Friday, December 1, 2023

The Condescending God


Most of the time when we use the word "condescending" about someone, we think of it as a bad thing, especially here in America where we think of everyone as equal. Someone who is condescending is looking down on others as if they are better and the others need their help or want their attention. But there is a good sense of the word where someone in a position of authority like a King or the President stops and pays attention to someone in a lower station of life like their kitchen staff. In fact, most of us like to hear how a President condescends to spend a few minutes asking a staff member about their family. It shows us that they care enough about the little guy to spend some of their time and energy getting to know them. 
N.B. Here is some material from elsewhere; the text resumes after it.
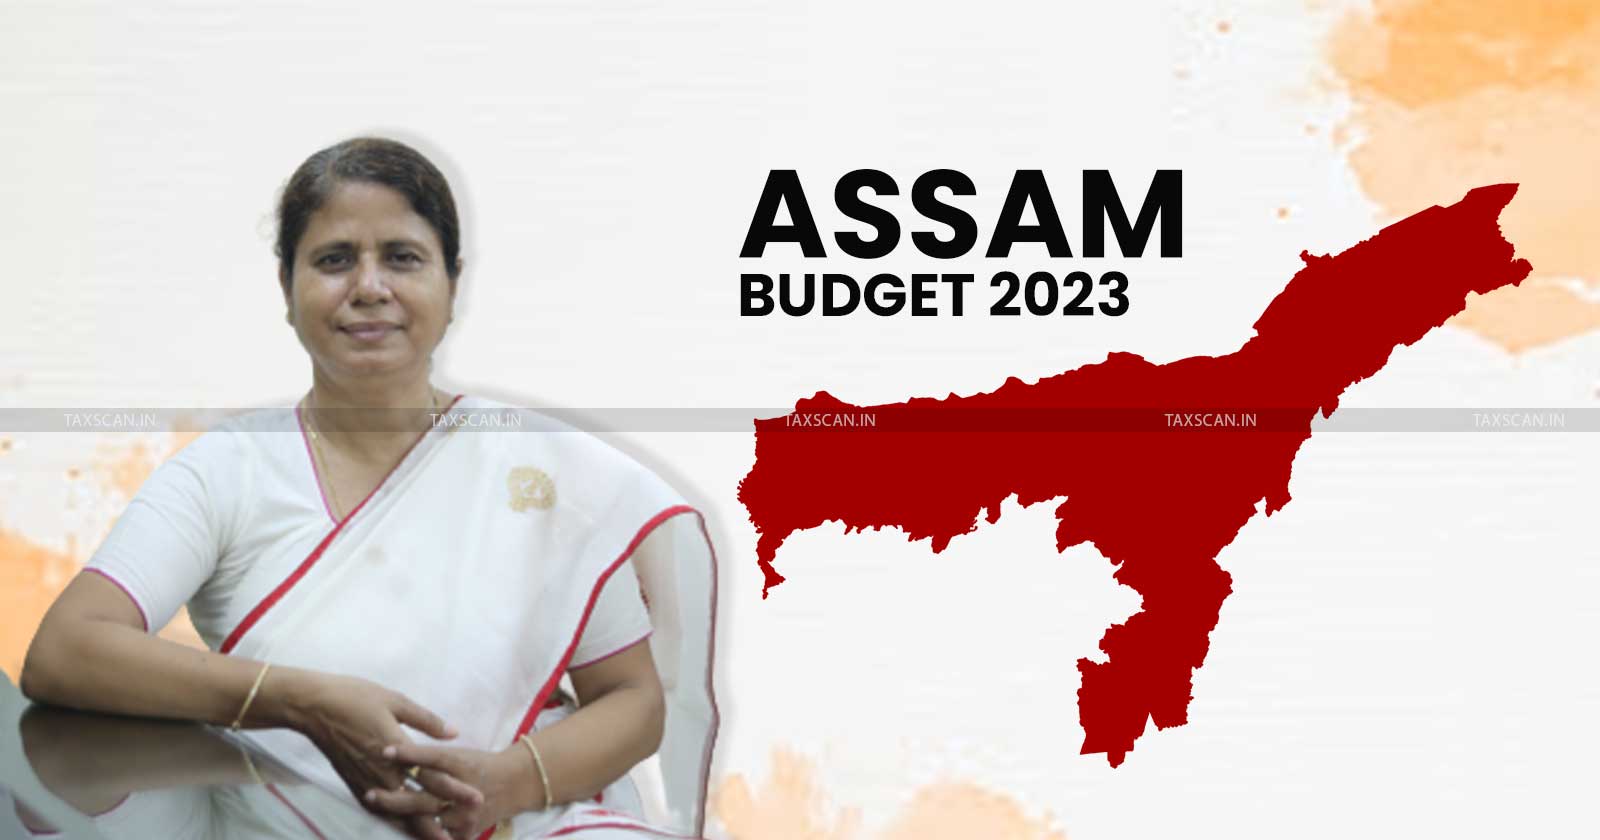 Assam Budget - Assam FM - State Budget 2023 - Key Highlights - Budget 2023 - Budget - Taxscan

The incarnation is the ultimate condescension. God the Son steps down from eternal glory and enters the world so that we could commune with God. We could not on our own get to God, so God comes into the world to lift us us up to Him. We marvel at what Jesus did in coming as a baby. He condescends all the way to our level not because He needs it, but because we did and we still need it. In fact, we see throughout His earthly ministry that He recognized that His followers needed help in understanding who He was and what He was doing.

As I have been reading through the Gospel of John recently,  I've noticed a number of passages like this,

John 11:41-42 So they took away the stone. And Jesus lifted up his eyes and said, “Father, I thank you that you have heard me. I knew that you always hear me, but I said this on account of the people standing around, that they may believe that you sent me.”

Here Jesus prays a truth out loud not because He had any doubt about His relationship with the Father, but because His disciples needed to hear it. Further, it wad not just those disciples at the time that needed to here it, but all of the disciples throughout time that Jesus was trying to help.

Jesus entered our world and lived a perfect human life for the purpose of saving us through His death and resurrection, and his condescension goes all the way to the level of how He speaks to us. Like a good grade school teacher who gets on the level of her students, Jesus gets on our level, literally and figuratively, so that we can understand what He has done for us. Jesus in His perfection and glory is so far above us that in our limited state we could never get to Him, but His love is so great that He comes down to our level. He lives and speaks in such a way that we can see and understand the very nature of God. 

This Christmas season as you think of the baby in the manger, praise God for His condescension toward us because without His coming down we could never be raised up.